Observation data (J2000.0 epoch)
- Constellation: Cetus
- Right ascension: 02^{h} 14^{m} 17.44^{s}
- Declination: −11° 58′ 47.70″
- Redshift: 2.338800
- Heliocentric radial velocity: 701,155 km/s
- Distance: 10.512 Gly

Characteristics
- Type: Radio galaxy

Other designations
- LEDA 2823016

= TXS 0211−122 =

Radio galaxy in the constellation of Cetus

TXS 0211−122 is a high redshift radio galaxy located in the constellation of Cetus. The redshift of the object is (z) 2.338 and it was first discovered by R. van Ojik and other astronomers in September 1994, who found the object has an ultra steep radio spectrum.

== Description ==
The host galaxy of TXS 0211−122 is found to be extremely massive, containing a bright central nucleus with a much smaller clump feature, based on imaging made by Hubble Space Telescope (HST). It is also shown to be a starburst galaxy undergoing an immense wave of star formation in its central region. The total molecular hydrogen amount of the galaxy is 10^{11} M_{☉} and it has a stellar mass of around 1.45 × 10^{11} M_{☉}.

The radio source is classified as a double with a Fanaroff-Riley Class Type II morphology.
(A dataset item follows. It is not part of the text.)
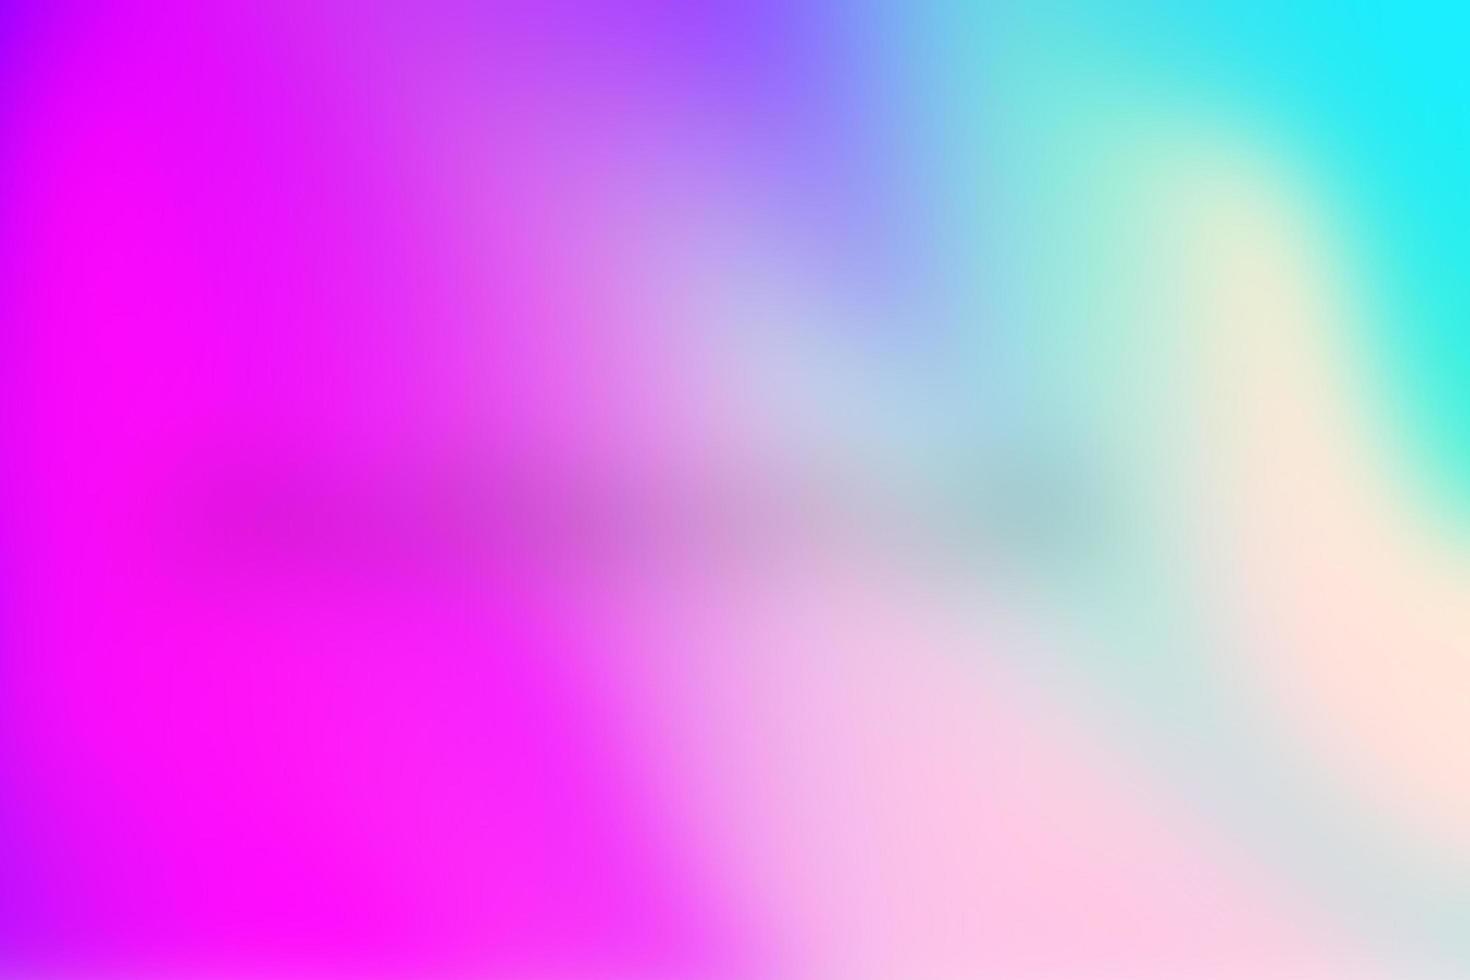 Abstract Gradient Background defocused luxury vivid blurred colorful texture wallpaper Free Photo

The flux density of the source has been estimated to be 189 mJy at 1465 MHz. A weak radio core is found between the radio lobes of the source. A curved and bent radio jet has also been discovered, extending outwards from the core towards the eastern lobe. This has been suggested to interact with the interstellar medium.
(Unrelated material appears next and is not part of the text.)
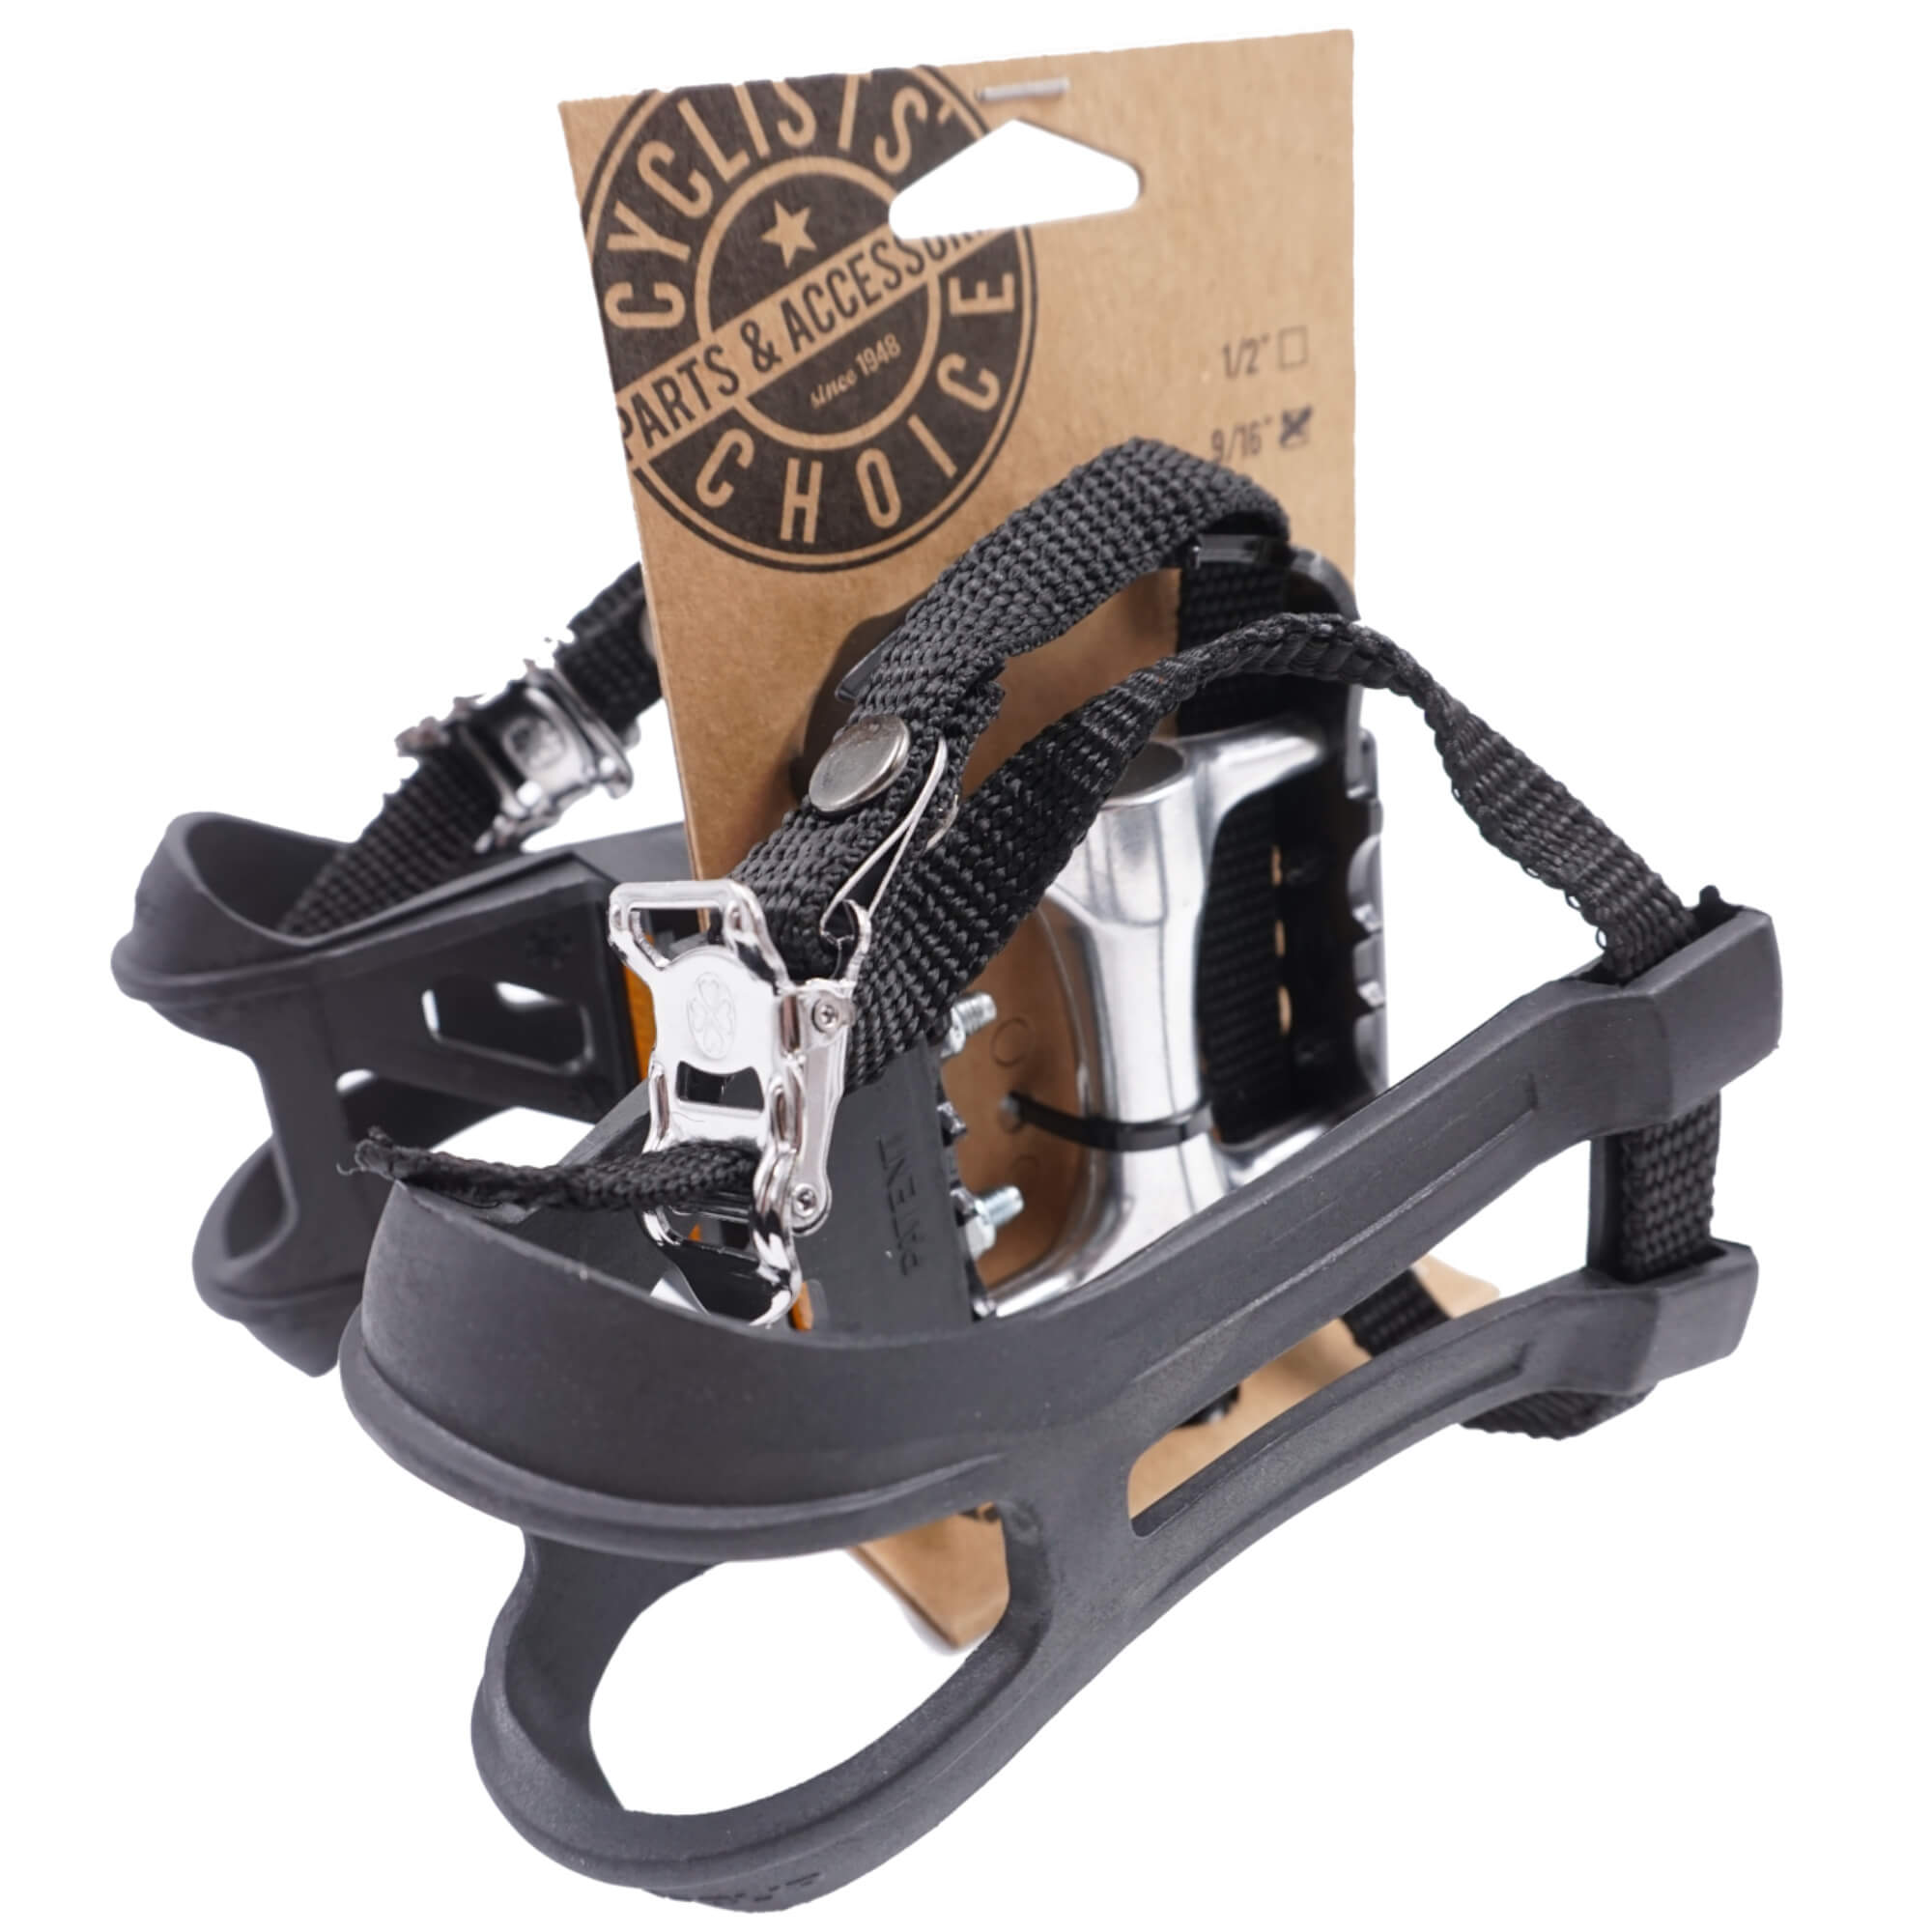 VP-349AT Alloy Pedals with Toe Clips - The Bikesmiths

A study showed the jet is driving the outflows from the galaxy. The narrow component contains interstellar gas that is both extended and elongated along the radio axis position from the south-east to north-west. On the eastern side of the nucleus, the line widths are different, with a full-width at half maximum of 300 kilometers per seconds which is more compared to the western side. The galaxy is also surrounded by a large Lyman-alpha emission nebula with polarization which increases east from the nucleus to 16.4 ± 4.6%. A shell structure is found associated with the nebula, interpreted as a product of supernovae depositing energy into the interstellar medium, thus creating expanding gas bubbles.